Sage Weil [Thu, 24 Mar 2011 00:17:44 +0000 (17:17 -0700)]
mds: reimplement laggy
The goal is for the MDS to stop processing requests when it hasn't heard
from the monitors, to avoid a situation where a rogue process goes off
doing its own thing. Yes, if we fail it over the cmds can't write to the
object store, but it can reply to clients when it may not be appropriate
or good to do so.
The old logic was fragile and wonky, with messages getting deferred, and
then re-deferred. This implementation is much cleaner and should be much
more efficient and less fragile. There are still improvements to be made
as far as which messages we do/do not process when we think we're laggy.
Signed-off-by: Sage Weil <sage.weil@dreamhost.com>
Sage Weil [Thu, 24 Mar 2011 03:37:04 +0000 (20:37 -0700)]
mds: skip redundant flush before journal segment trim
Back in olden times when we would would wait for acks for some journal
writes, we did an extra wait_for_safe() before discarding a journal segment
to make sure anything being discarded was safely committed in newers
segments. These days mds_log_unsafe is always false (and
journaler_safe is true), so we can skip this check.
Signed-off-by: Sage Weil <sage.weil@dreamhost.com>
Sage Weil [Tue, 22 Mar 2011 04:38:36 +0000 (21:38 -0700)]
osd: factor pg get-or-create code into common helper
handle_pg_notify and _process_pg_info both lookup or create a PG based
on an incoming message. Factor that code into a common helper. There
were a few differences in that the pg notify handler code deals with
more cases (namely, pg creation), but this is harmless for the more
general _process_pg_info caller.
Closes: #577 Signed-off-by: Sage Weil <sage.weil@dreamhost.com>
Samuel Just [Tue, 22 Mar 2011 21:52:15 +0000 (14:52 -0700)]
FileStore: replace op_queue_throttle with op_queue_reserve_throttle
Previously, queue_op would call op_queue_throttle while holding the
journal_lock. op_queue_throttle, however, can sleep.
We fix the problem by:
1) Factor build_op out of queue_op
2) op_queue_throttle is now op_queue_reserve_throttle and takes an op as
an argument. op_queue_reserve_throttle can be called before the journal
lock is taken. This also avoids the race between calling throttle and
incrementing op_queue_bytes and op_queue_len.
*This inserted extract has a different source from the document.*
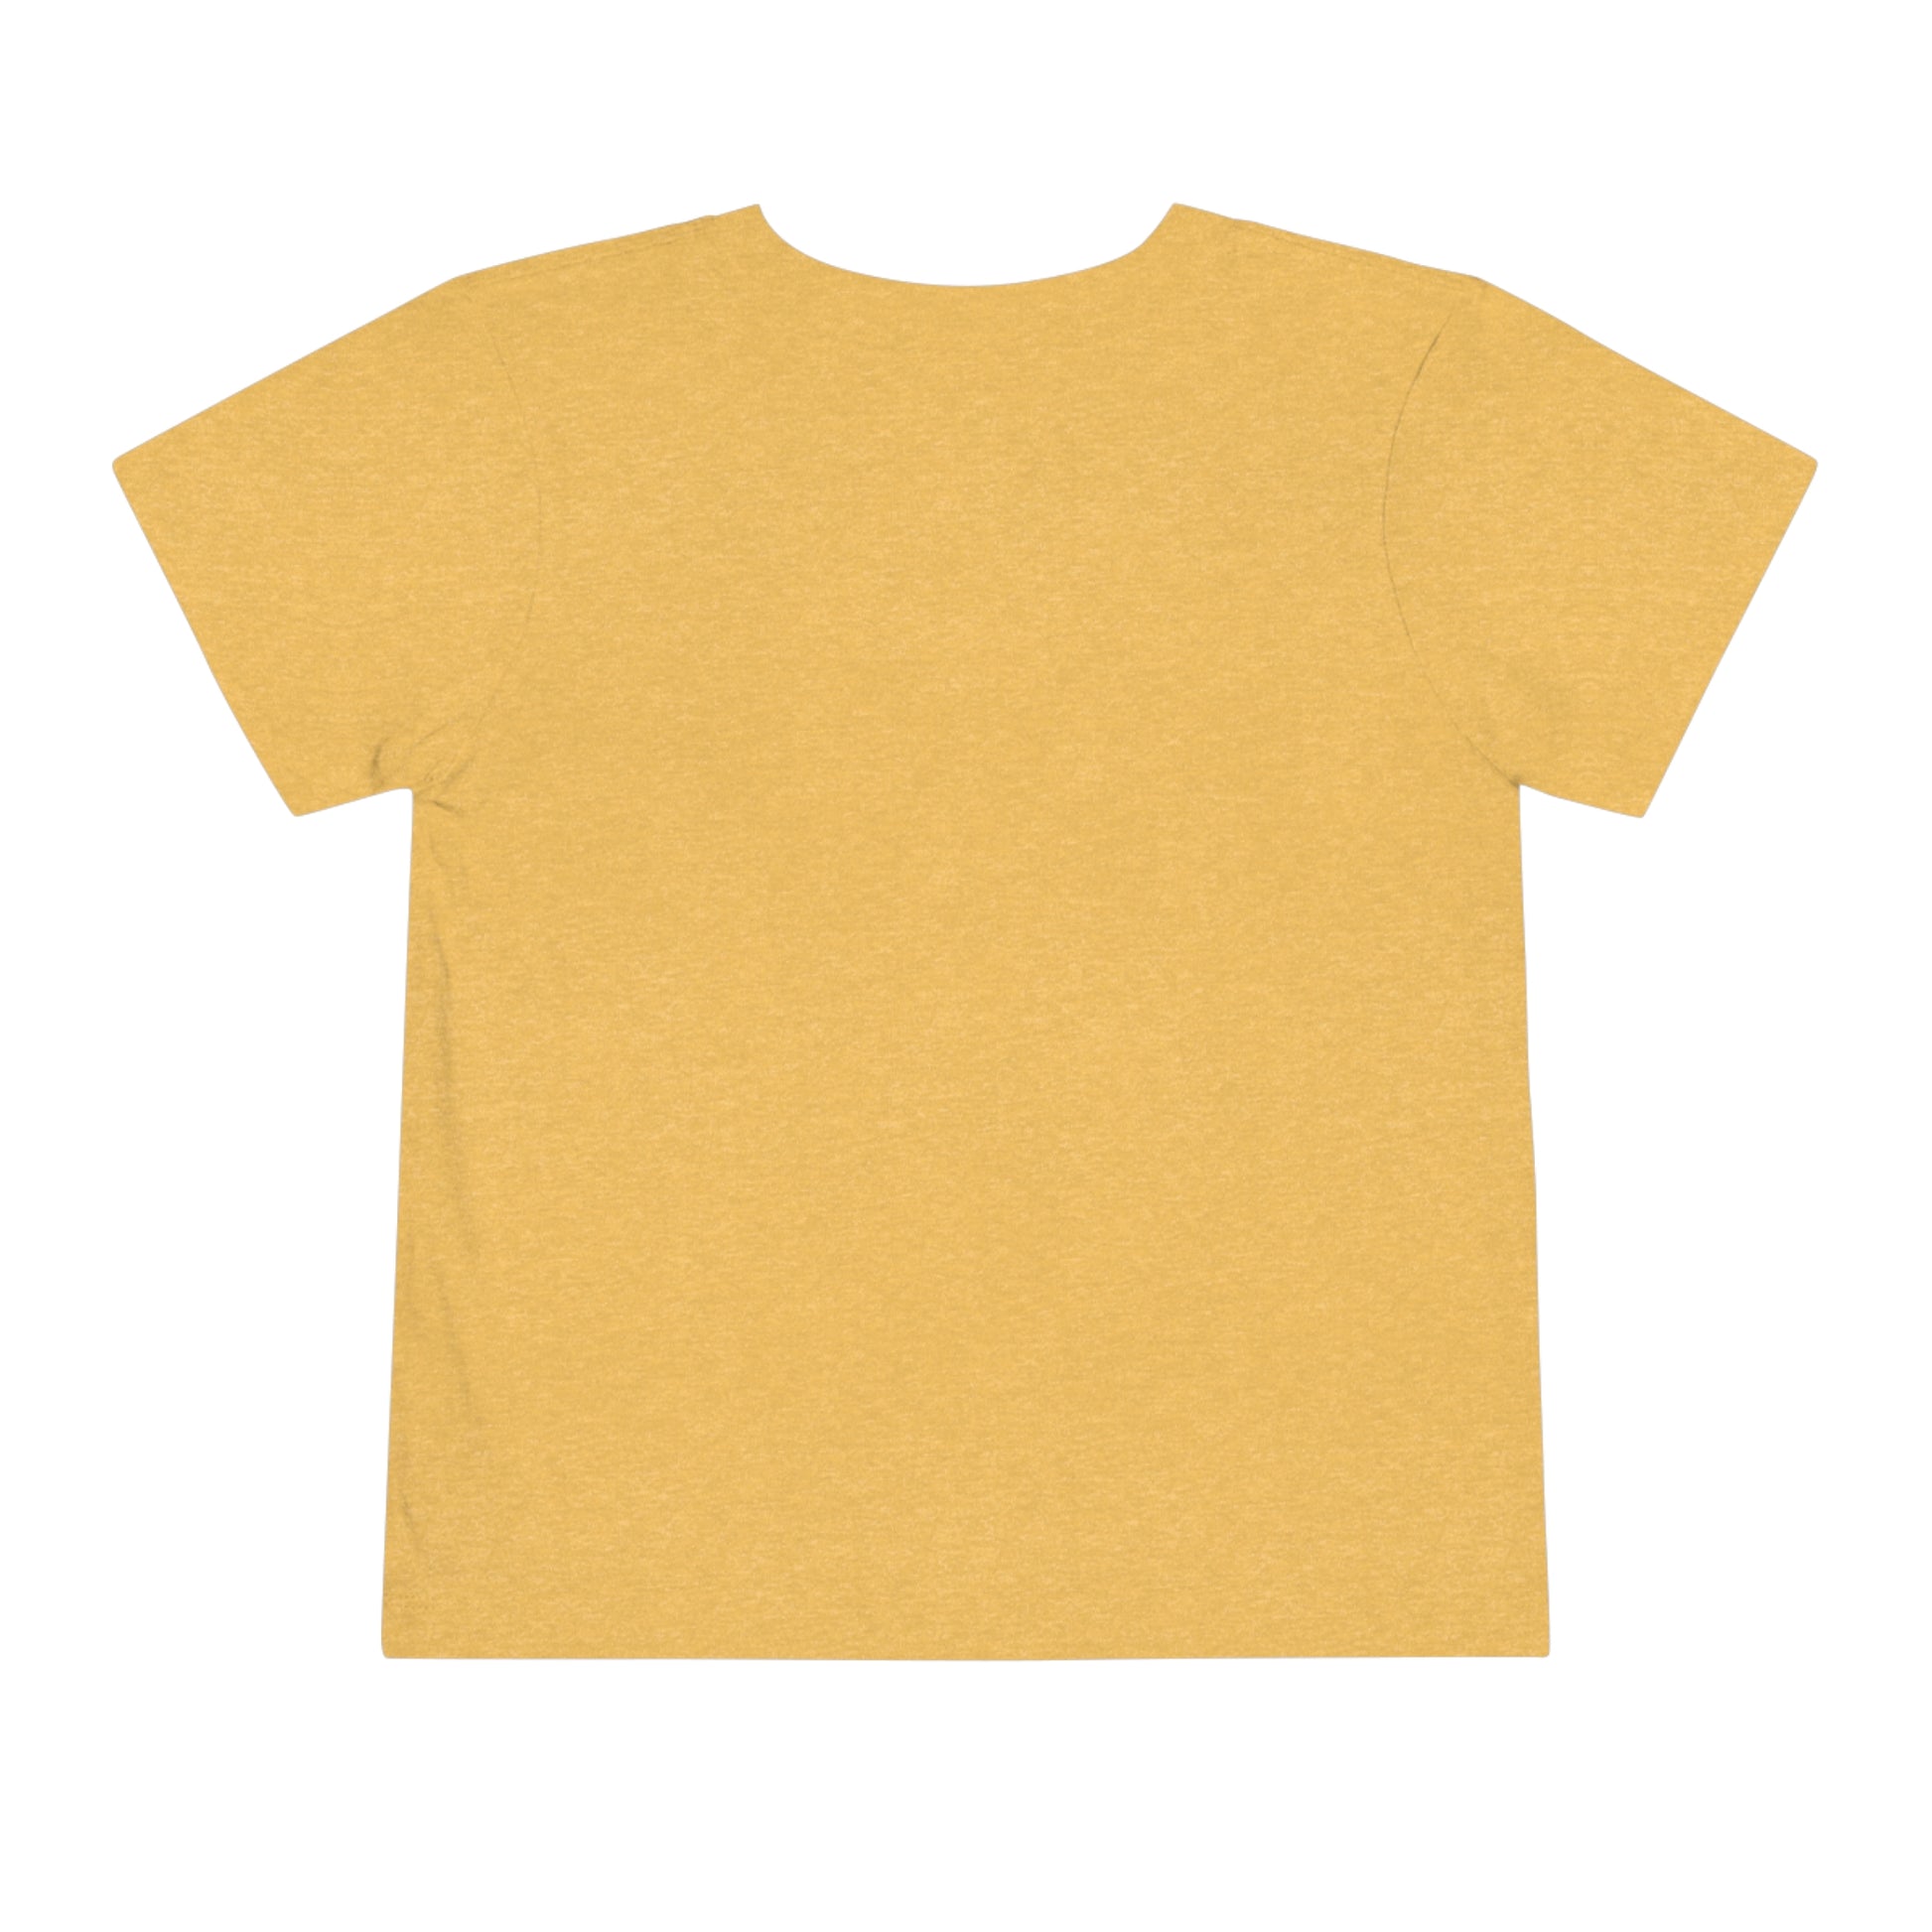 Flat back view of the Heather Yellow Gold shirt
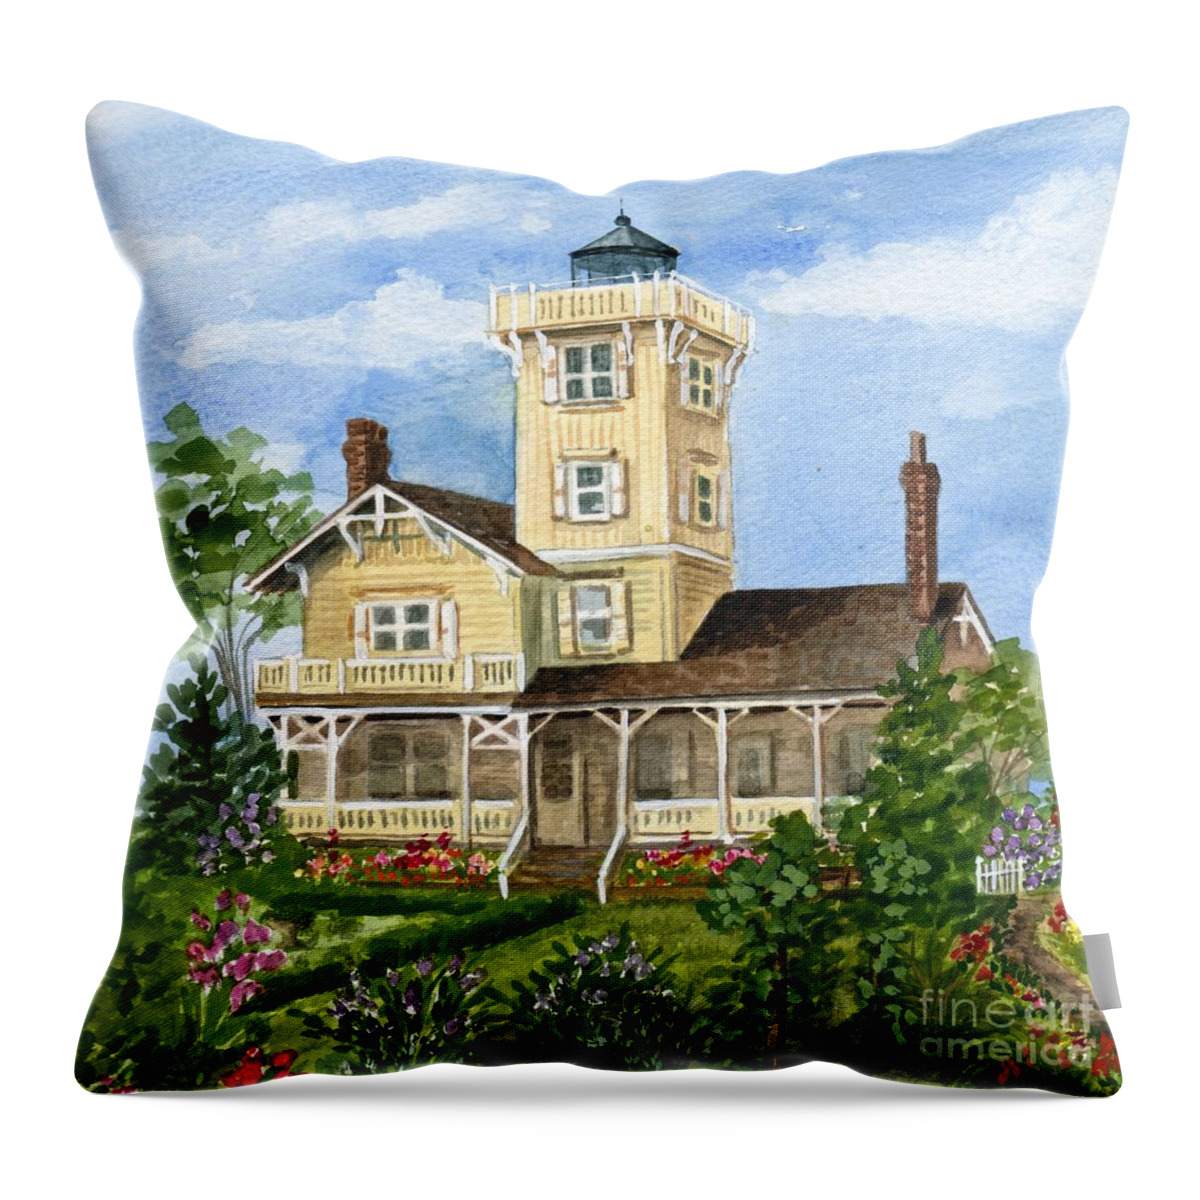 Hereford Inlet Lighthouse Throw Pillow featuring the painting Hereford Inlet Lighthouse and Gardens 2 by Nancy Patterson

3) queue_op now takes the op generated using build_op as an argument.
4) _journaled_ahead no longer needs to call throttle as
queue_transactions has already reserved space.
Signed-off-by: Samuel Just <samuel.just@dreamhost.com>
Greg Farnum [Fri, 18 Mar 2011 21:25:45 +0000 (14:25 -0700)]
MDCache: make linkunlink rstat propagation work properly.
We could be in a lock state (ie, gather) where we can't take new locks.
But if we're in this function for linkunlink we have to already have
a lock, so in that case make sure the function succeeds and assert
that we do have a lock.
BuildRequires: cryptopp-devel has been replaced by nss-devel. Skip
google-perftools-devel because that package is not available for x86-64.
Add python.
Don't install libcls_rbd.so.1.0.0.debug.
Package crbdnamer and librados-config.
Signed-off-by: Colin McCabe <colin.mccabe@dreamhost.com>
mkostemps isn't present in older glibc versions, like the ones in CentOS
5.5. We don't really use any of the extra functionality of mkostemps in
this test.
Signed-off-by: Colin McCabe <colin.mccabe@dreamhost.com>
Samuel Just [Tue, 15 Mar 2011 00:25:46 +0000 (17:25 -0700)]
PG,OSD: activate pg during replay
Replay PGs already accept and queue transactions. PGs will now go to
active during replay in order to simplify the state reported to the user
and to allow recovery to being.
Signed-off-by: Samuel Just <samuel.just@dreamhost.com>
Tommi Virtanen [Mon, 14 Mar 2011 18:52:44 +0000 (11:52 -0700)]
blobhash: Avoid size_t in templatized hash functions.
On S/390, the earlier rjhash<size_t> failed with
"no match for call to '(rjhash<long unsigned int>) (size_t&)'".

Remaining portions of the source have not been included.